To calculate ctDNA content, we selected mean value from most significantly deleted segments in each patient and estimated ctDNA proportion in each individual fraction (21). This analysis showed that the average ctDNA content was 12.12% (median = 9.30%, range 0.39–27.09%) in fraction 1, 14.25% (median = 16.93%, range 3.53–22.82%) in fraction 2, 19.70% (median = 20.18%, range 6.53–37.94%) in fraction 3, 19.23% (median = 18.42%, range 4.93–38.60%) in fraction 4, 22.09% (median = 20.45%, range 7.16–40.51%) in fraction 5, and 27.22% (median = 27.04%, range 10.76–40.12%) in fraction 6. Clearly, ctDNA content in EVs-depleted fraction 6 was the highest among the six components. Fractions 5 (exosome) and 3 (large EVs) showed the 2nd and 3rd highest ctDNA content, respectively (Figures 4A, B and Table S3). We also compared the fractionated plasma DNA to platelet-poor plasma DNA for their ctDNA content differences. The ctDNA content in platelet-poor plasma showed an average of 23.84% (median = 23.34%, range 6.71–41.22%), further support that the fraction 6 has the highest ctDNA content among all plasma fractions and whole platelet-poor plasma.
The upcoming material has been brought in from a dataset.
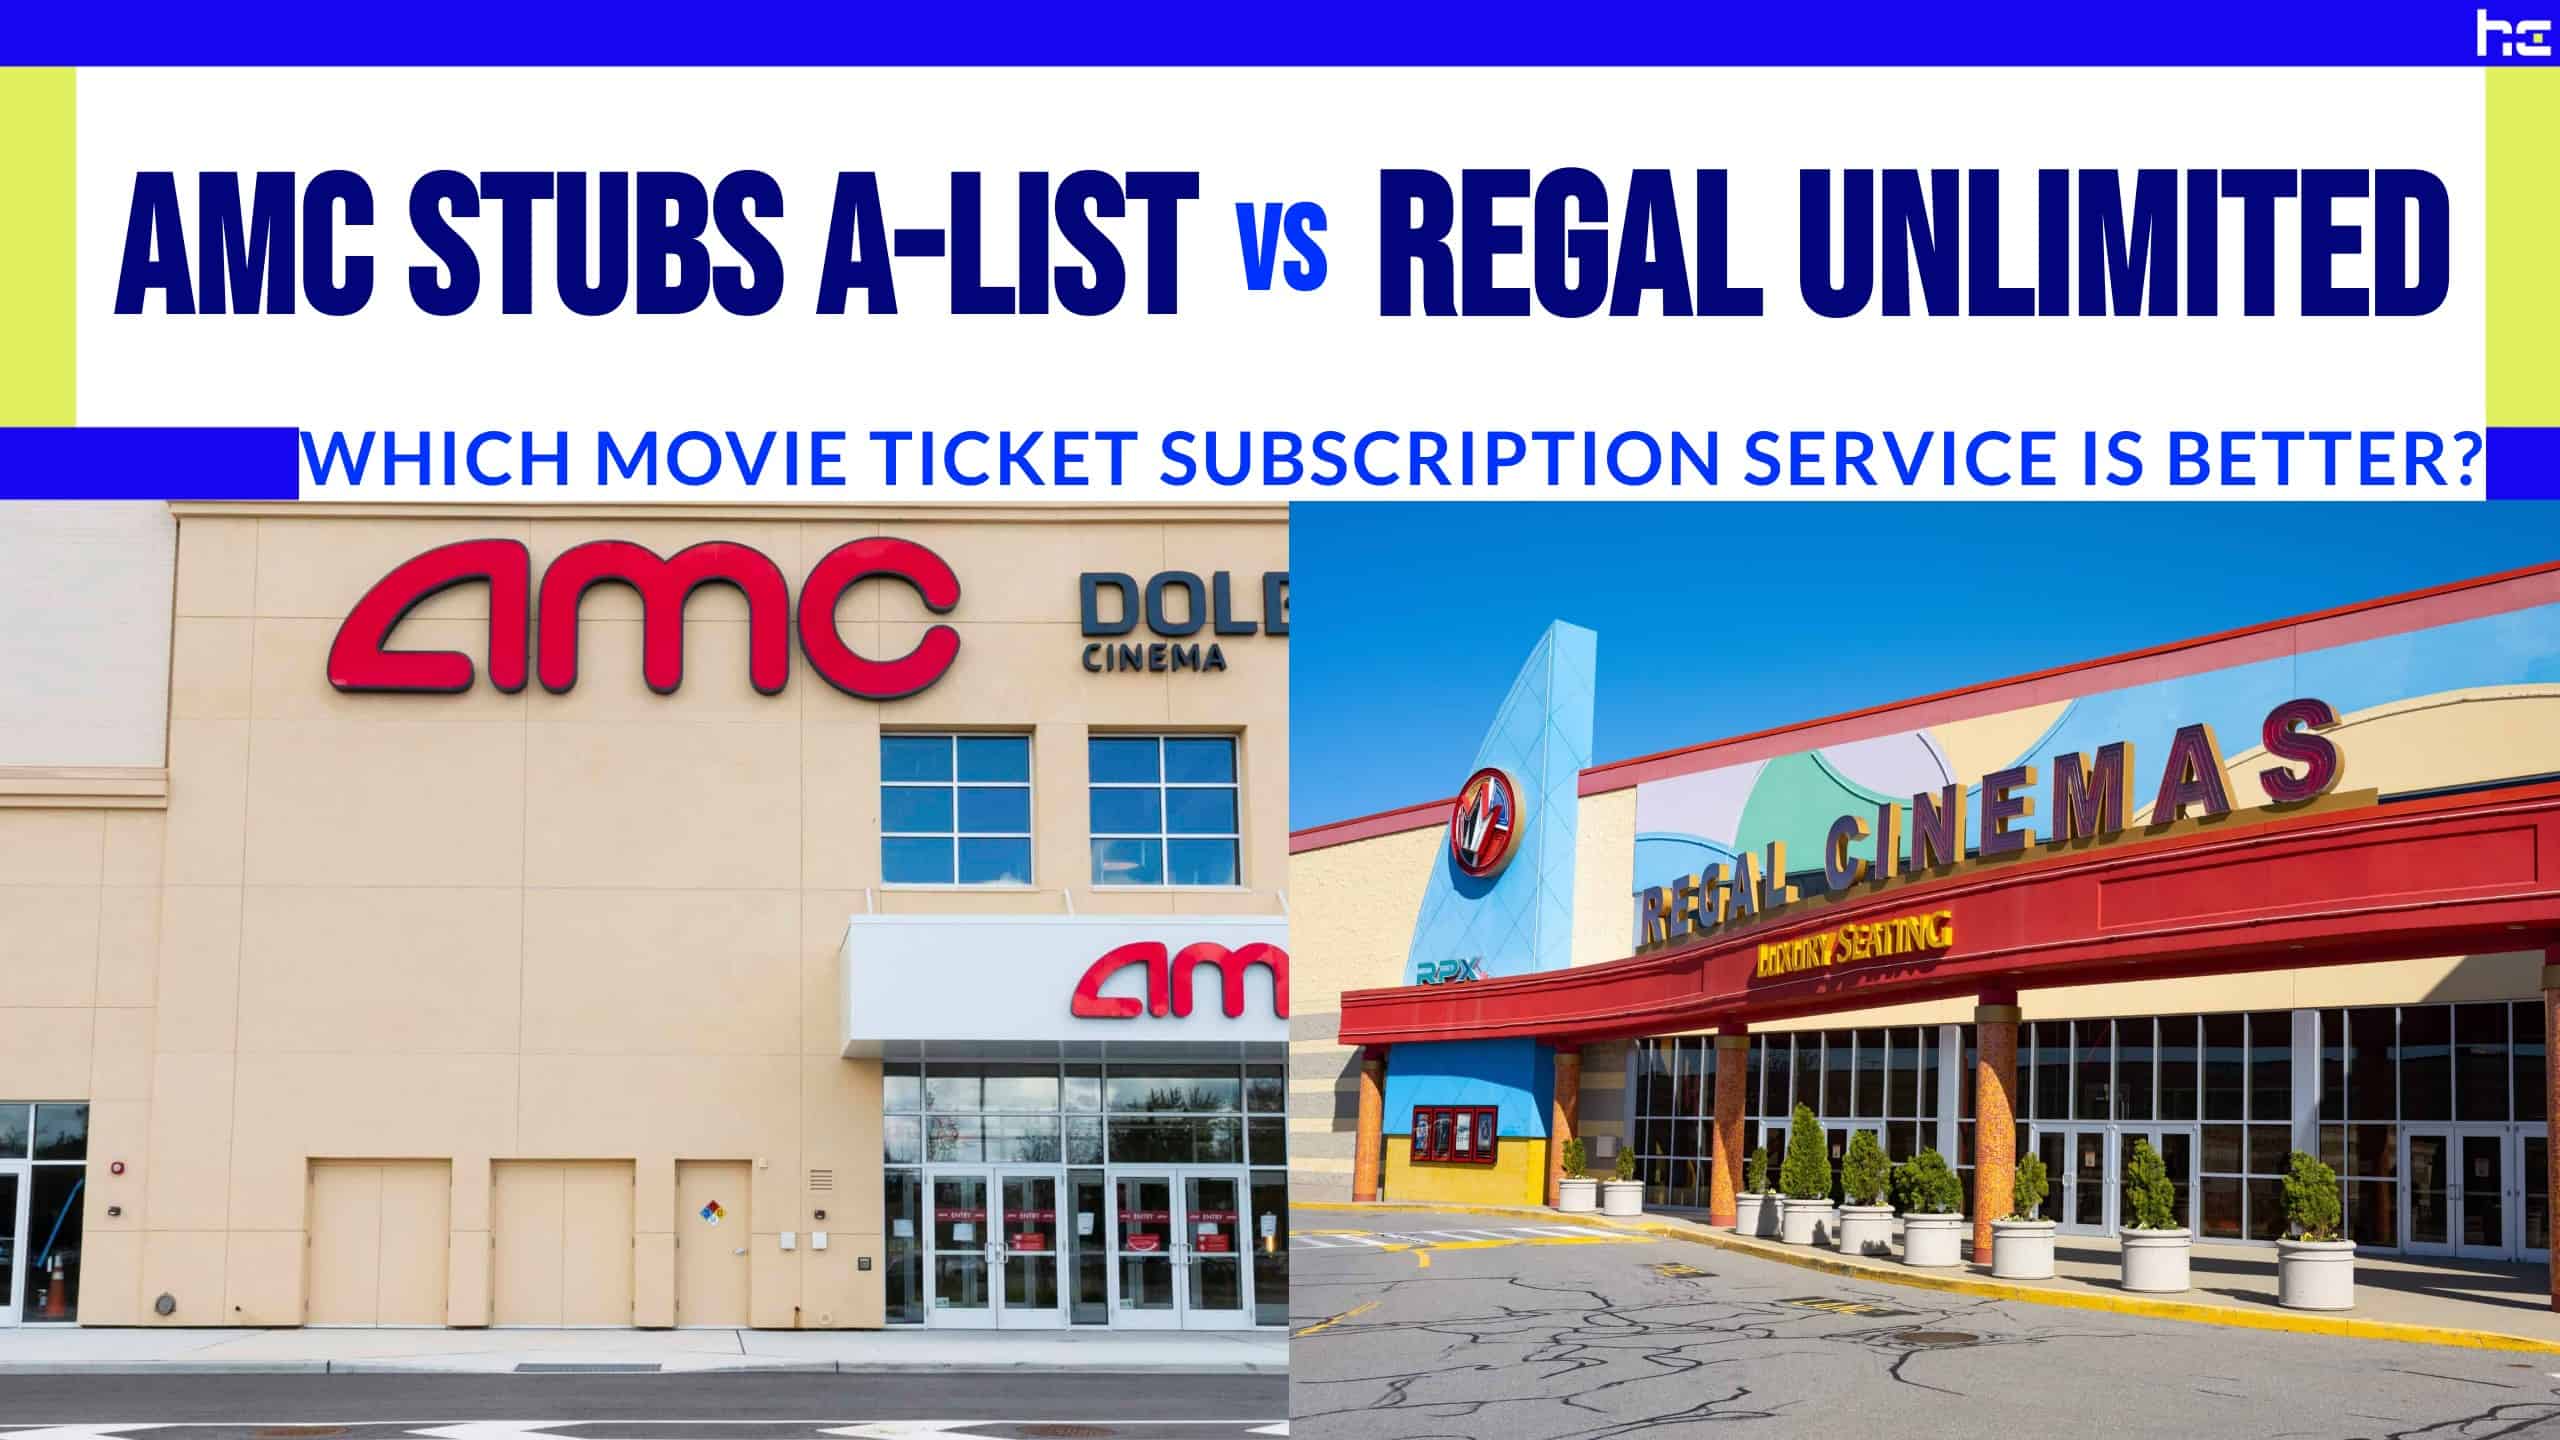 AMC Stubs A-List vs Regal Unlimited featured image
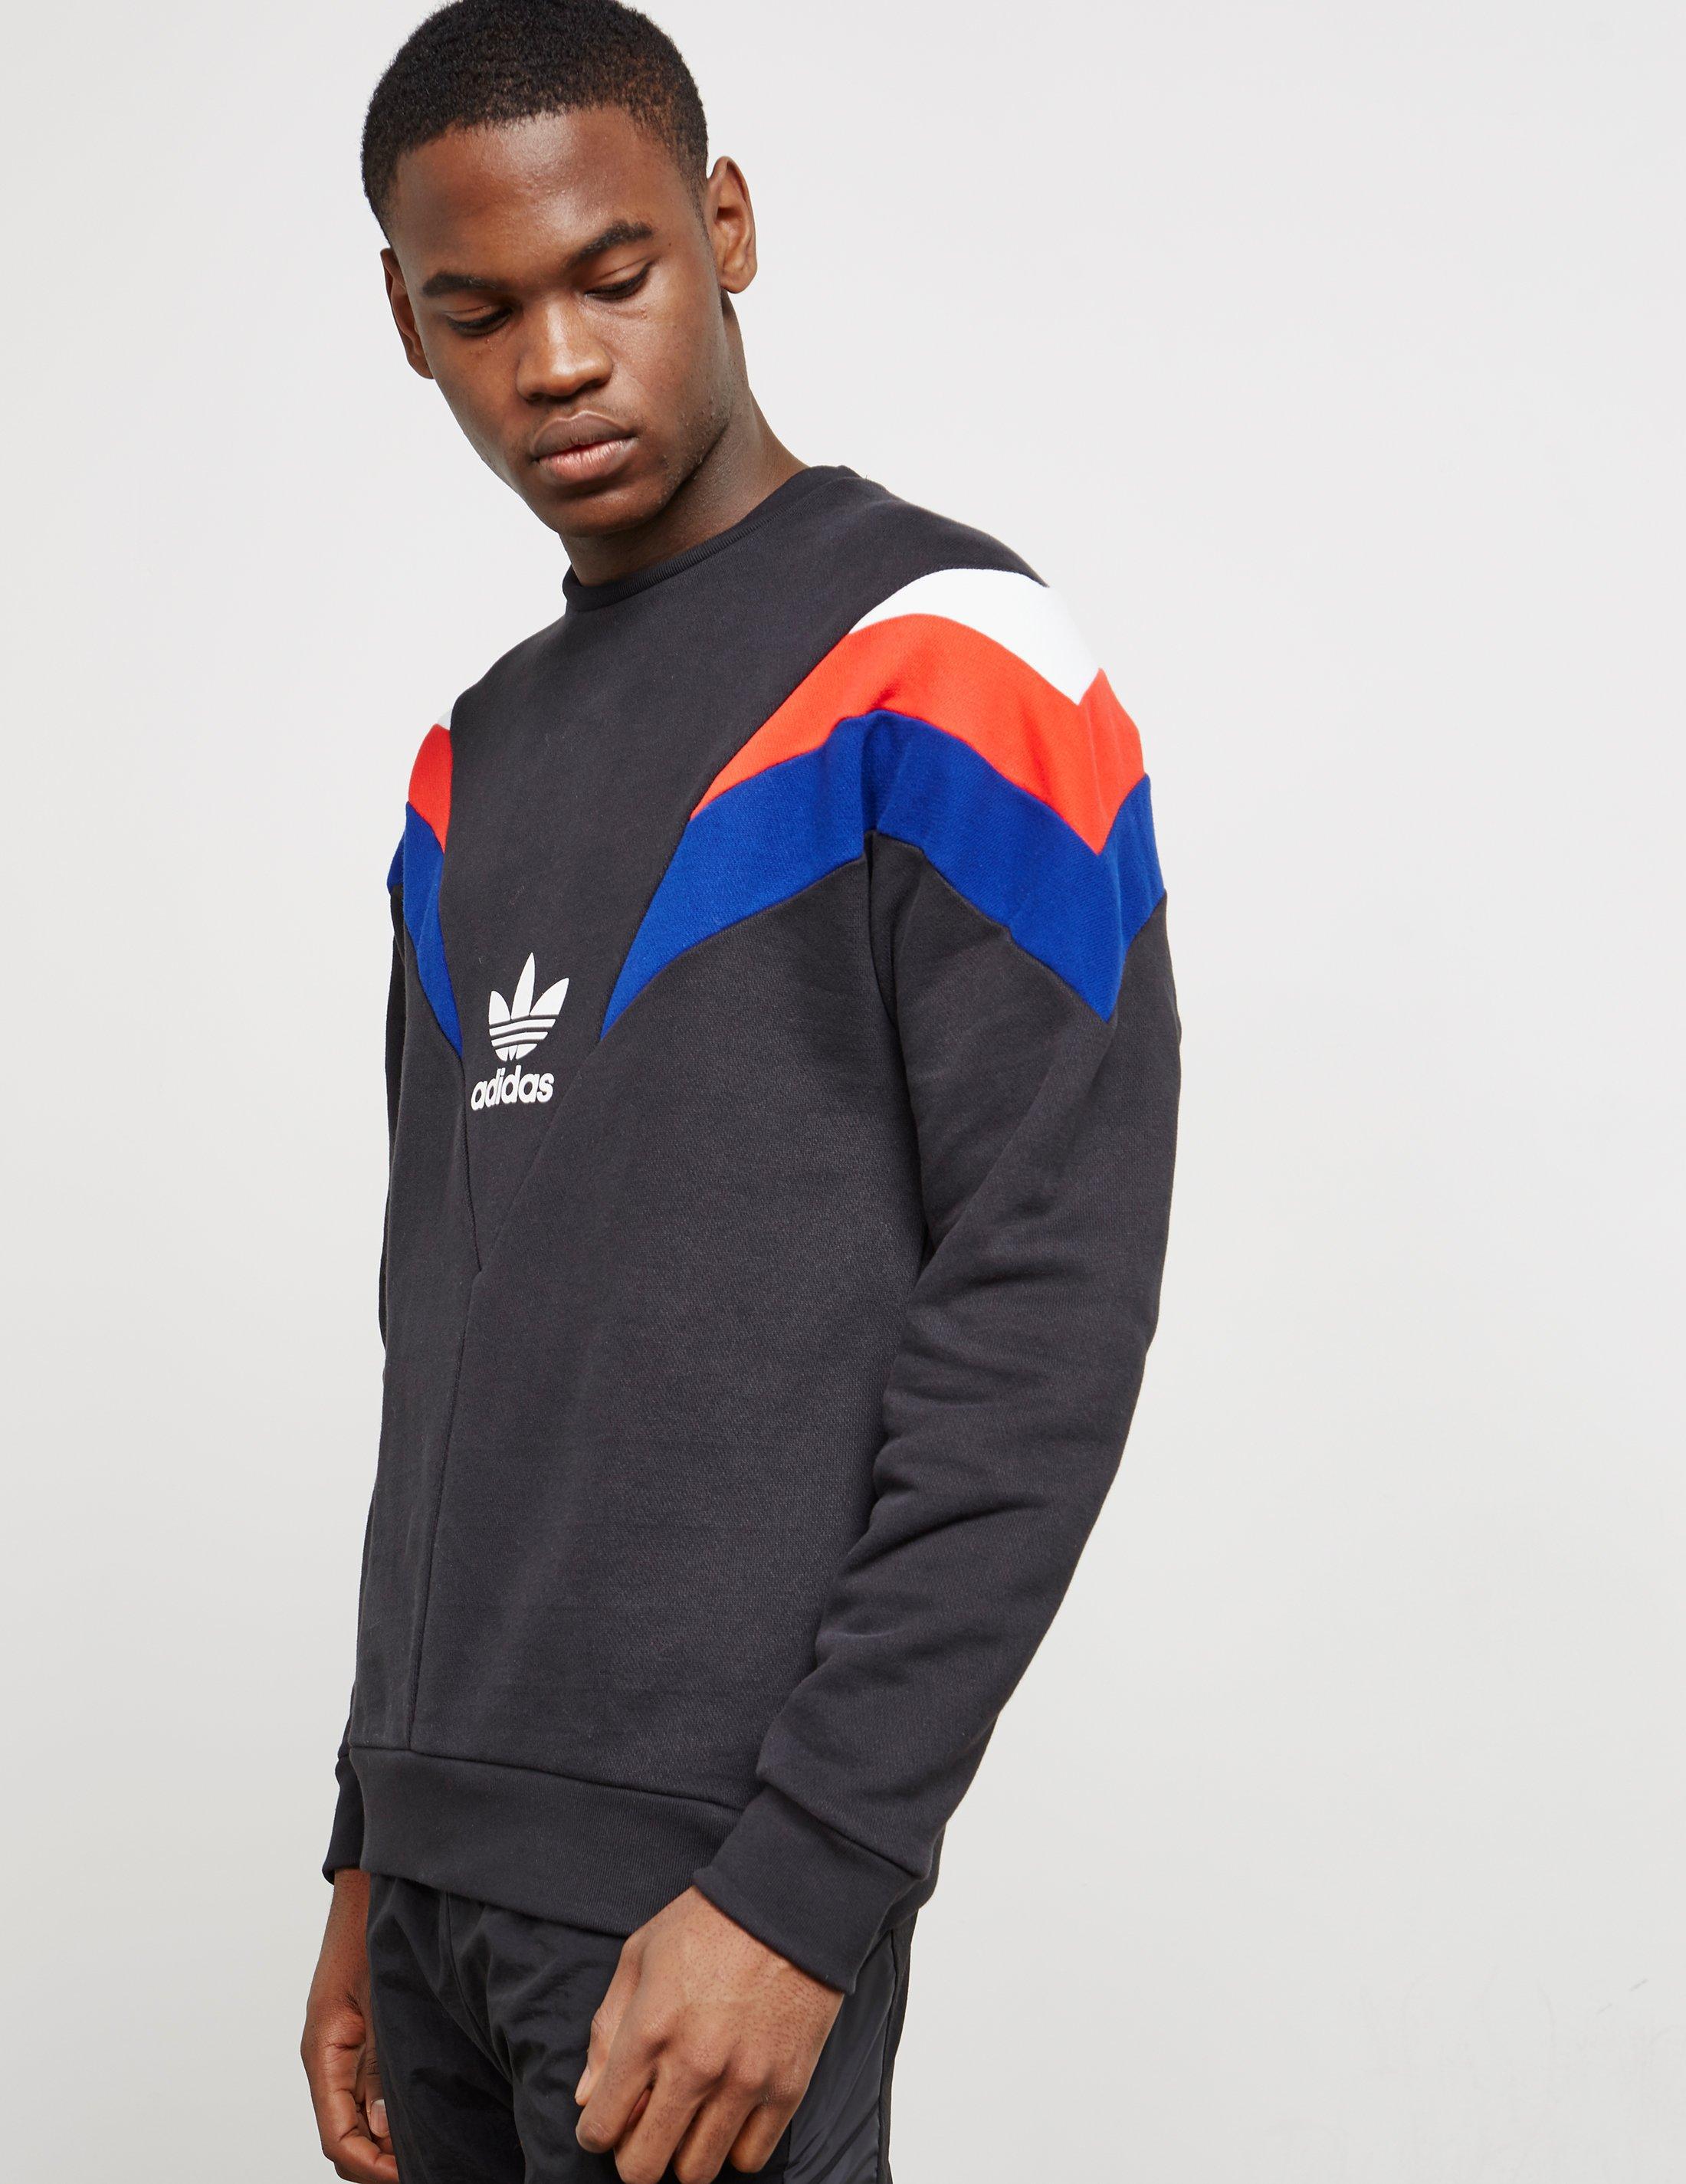 adidas Originals Cotton Mens Neva Crew Sweatshirt Black/red/blue for Men |  Lyst

Figure 4 Differences of ctDNA content in fractionated plasma components and whole plasma. (A) Overall view of ctDNA content from fractionated plasma components and whole plasma. The average ctDNA content is the highest in EVs-depleted fraction 6. (B) Differences of ctDNA content among fractions 3, 5 and 6. (C) Heatmap of log2 ratio in 1 Mb genomic window across chromosomes 1–22 in fraction 6 (F6) and whole plasma (WP) from nine patients (P1–P9). Red color represents copy number gain, while blue represents loss. Intensity of the color is proportional to the value of log2 ratio and reflects the weight of ctDNA in overall background cfDNA.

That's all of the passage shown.